Personne ne l’avait eue avant lui !!! Pourtant, la géniale idée de Joseph Montgolfier était toute simple : l’air chaud est plus léger que l’air froid, donc l’air chaud monte. Si on enferme cet air chaud dans une enveloppe, cette enveloppe sera emportée vers le haut.
Une montgolfière (le nom officiel est « ballon à air chaud ») est donc principalement constituée par une enveloppe destinée à retenir un certain volume d’air que l’on va réchauffer à l’aide d’un brûleur de façon à créer la force ascensionnelle ou force aérostatique.
L’enveloppe (que certaine aéronautes appellent la poche ou le la peau) est confectionnée en tissu polyamide très résistant. Ce tissu est tramé (ripstop) pour éviter que d’éventuelles déchirures ne s’agrandissent.
Les panneaux de polyamide sont cousus sur un maillage de sangles qui supportent pratiquement tous les efforts.
De plus en plus, le polyamide est remplacé par un nouveau matériau : l’hyperlast. Ce tissu présente tous les avantages : pratiquement indéchirable, il a un bien meilleur tenu à la température et aux ultraviolets. En fait, il n’a qu’un seul inconvénient : son prix.
Mais, l’hyperlast, comme le polyamide ne support pas la proximité de la flamme du brûleur. Aussi, pour éviter de brûler le ras de l’enveloppe, en particulier au moment du gonflage, celui-ci est confectionné en NOMEX. Ce tissu technique très cher a pour principale qualité de bien tenir à la flamme.

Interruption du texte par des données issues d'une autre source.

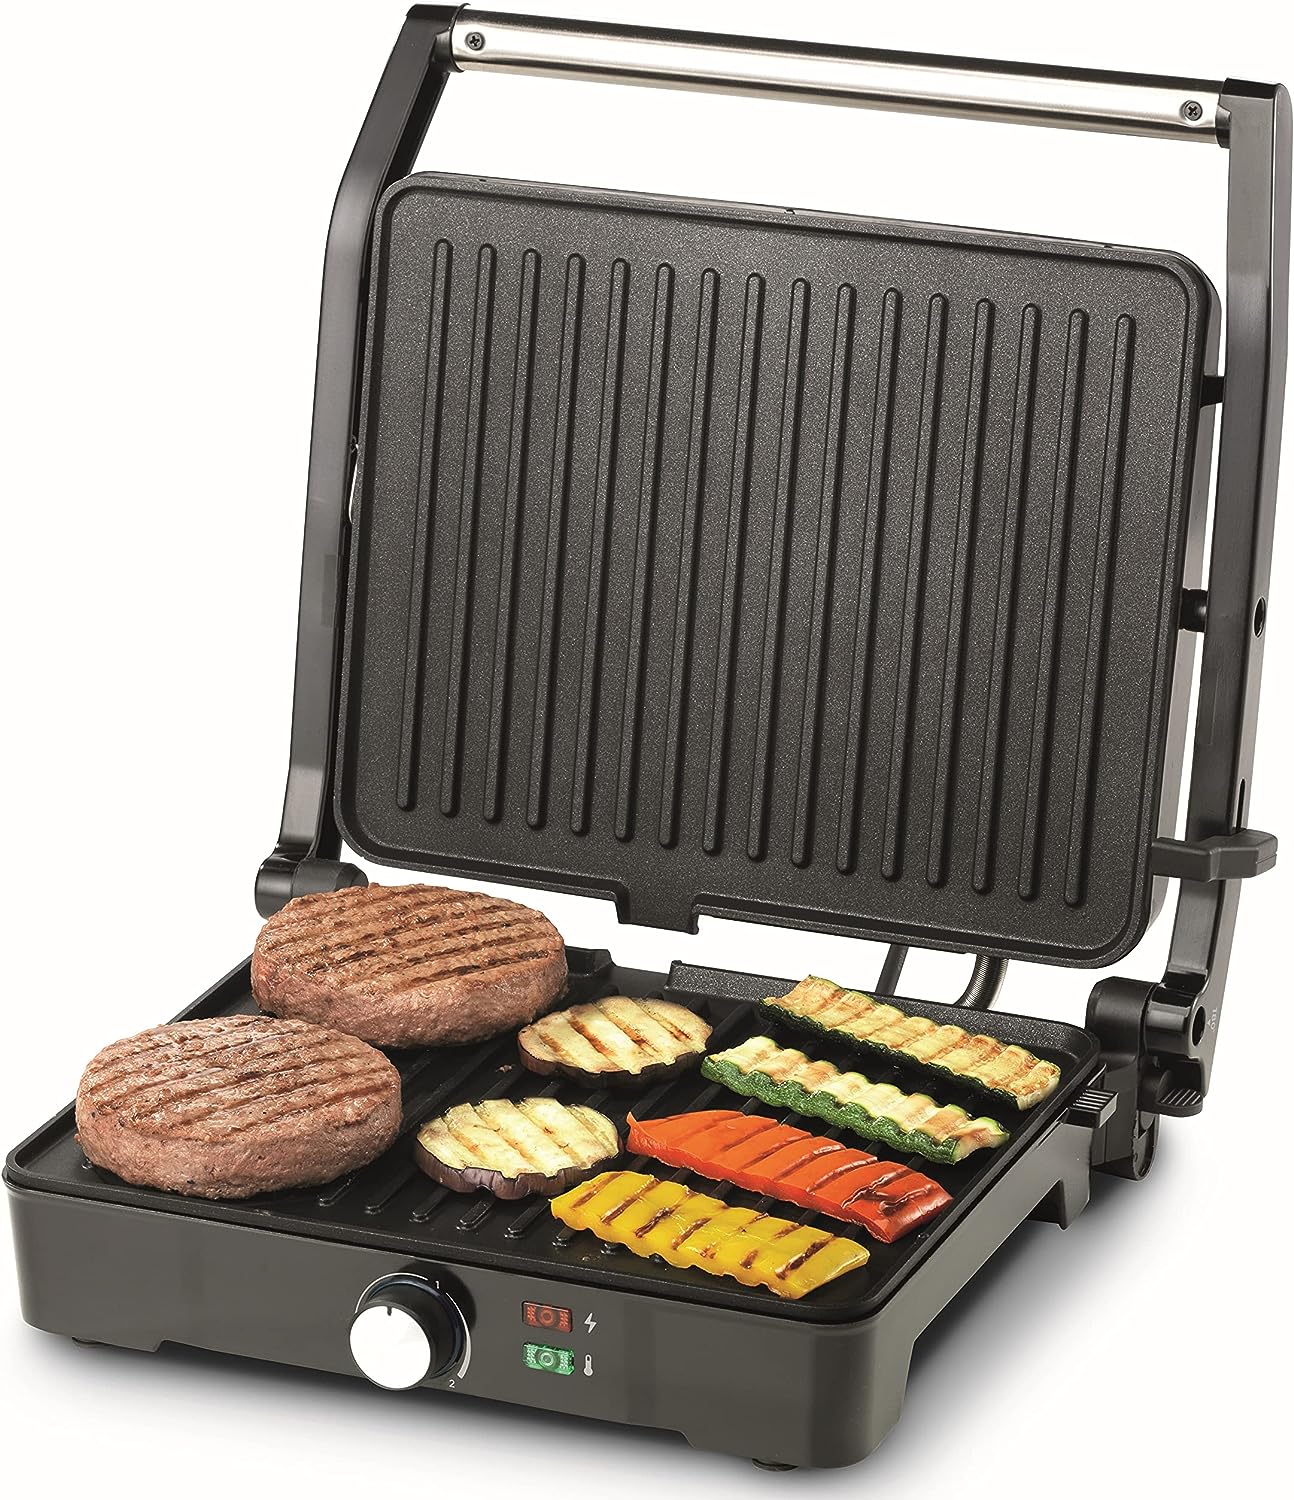 KENWOOD Grill 2000W Contact Health Grill Panini Press with Variable Temperature, 3 Grill Positions for Panini Burger Sandwich Pizza Steak Chicken , Fish , Vegetables HGM31.000SI Black/Silver , 1 Years Warranty.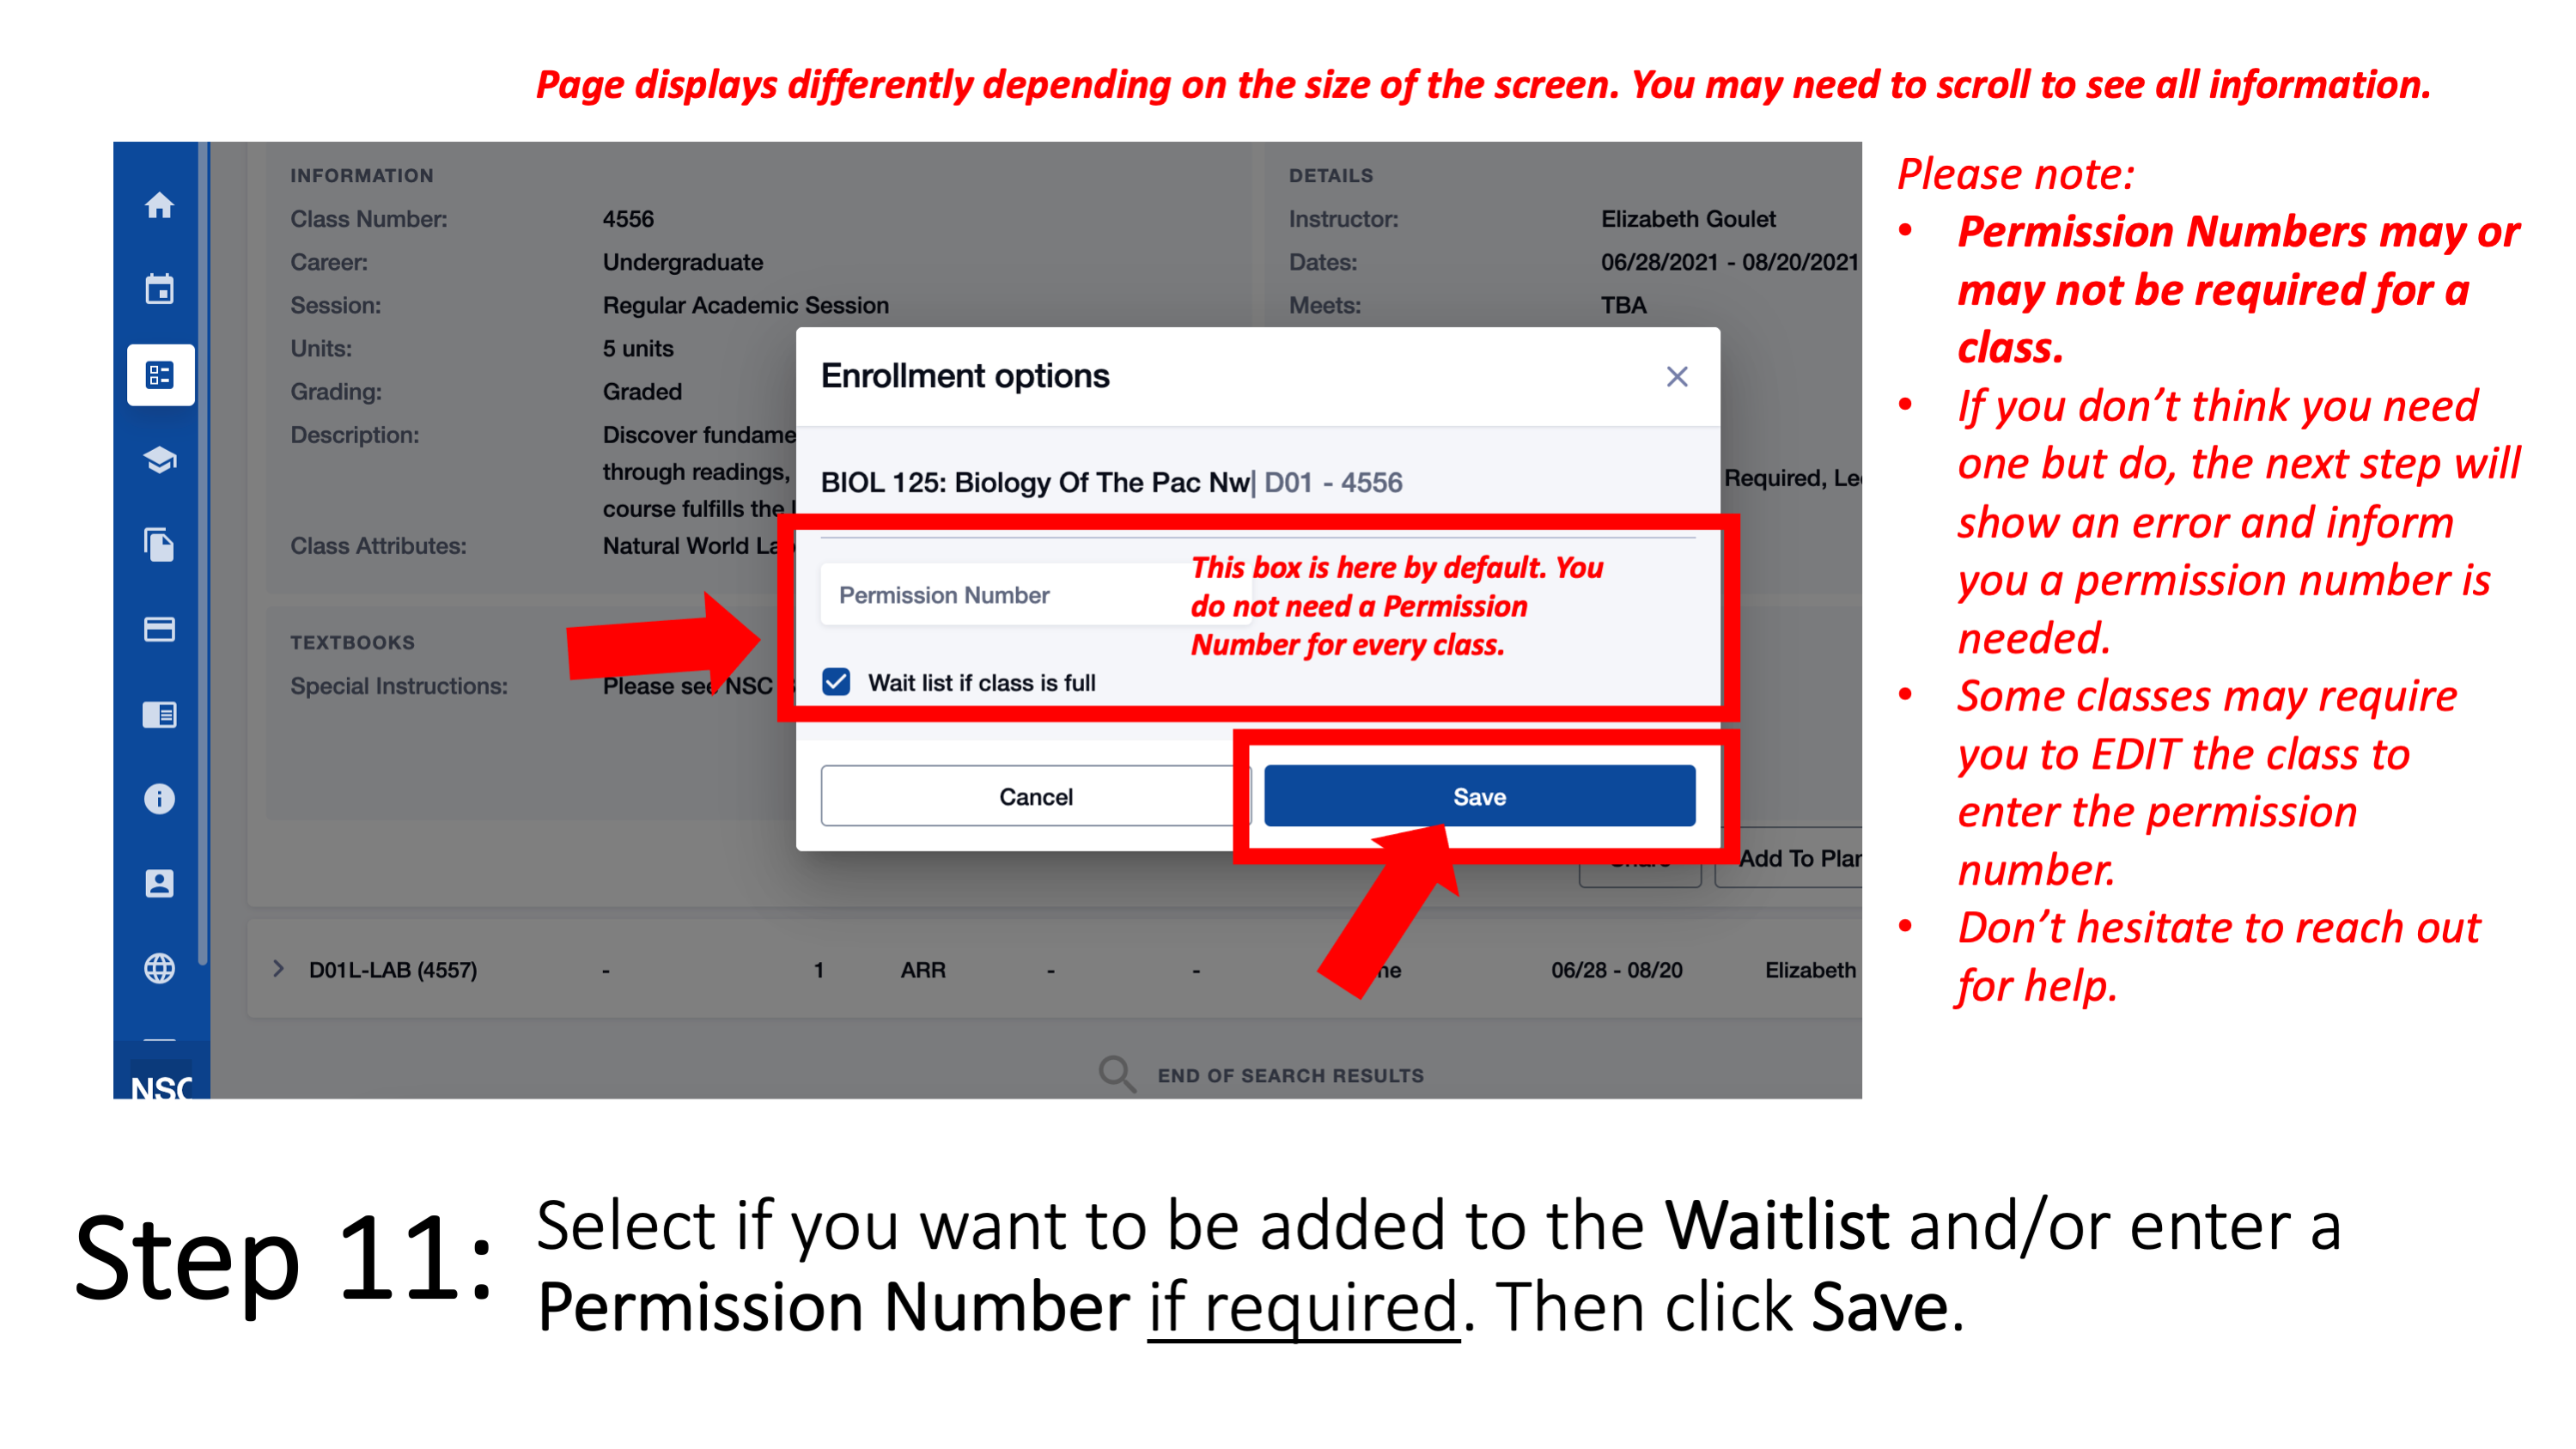 Step 11: Select if you want to be added to the Waitlist and/or enter a Permission Number if required. Then click Save.  Please note: The Permission Number box is here by default.  You do not need one for every class. Permission Numbers may or may not be required for a class. If you don’t think you need one but do, the next step will show an error and inform you a permission number is needed. Some classes may require you to EDIT the class to enter the permission number. Don’t hesitate to reach out for help.

Au bas de l’enveloppe, une étoile triangulaire appelé ‘‘scoop’’ (je connais un marchand de ballons qui essaie d’imposer le nom français d’écope) est là pour canaliser le vent relatif, et le diriger à l’intérieur du ballon pour le maintenir en pression. L’autre fonction de l’écope est d’orienter le ballon par rapport au vent. On sait ainsi presque à coup sûr quelle sera la face de la nacelle qui prendra contact avec le sol lors de l’atterrissage.
Les sangles qui forment la véritable ossature du ballon sont constituées dans la partie basse par des câbles métalliques qui viennent s’attacher au moyen de solides mousquetons sur le cadre de charge. Cette pièce métallique est en fait la seule partie vraiment rigide du ballon. Non seulement elle assure la jonction entre les câbles de l’enveloppe et ceux supportant la nacelle, mais en plus le cadre de charge est fixé le brûleur (nous reviendrons sur son fonctionnement).
La nacelle est faite d’un tressage de rotin sur une armature en osier. Les nacelles les plus grandes ont en plus un métallique faite en tubes d’acier inoxydable.
Le bord haut de la nacelle est recouvert de cuir dont la fonction est essentiellement décorative d’où la possibilité d’en harmoniser les couleurs avec celle du ballon, contrairement à celui qui est constitué en bas, et qui a un rôle important de protection lors d’atterrissages en terrain caillouteux.
Revenons un instant sur le brûleur. Son rôle est de délivrer l’énergie nécessaire au vol. Il est alimenté par des tuyauteries souples les reliant aux réservoirs de propane liquide. Le propane arrive en phase liquide à la base du brûleur, et s’évapore dans les serpentins avant d’être libérés par des injecteurs. Il s’enflamme au contact de la veilleuse et produit une flamme de six à sept mètres de long qui va réchauffer l’air contenu dans l’enveloppe.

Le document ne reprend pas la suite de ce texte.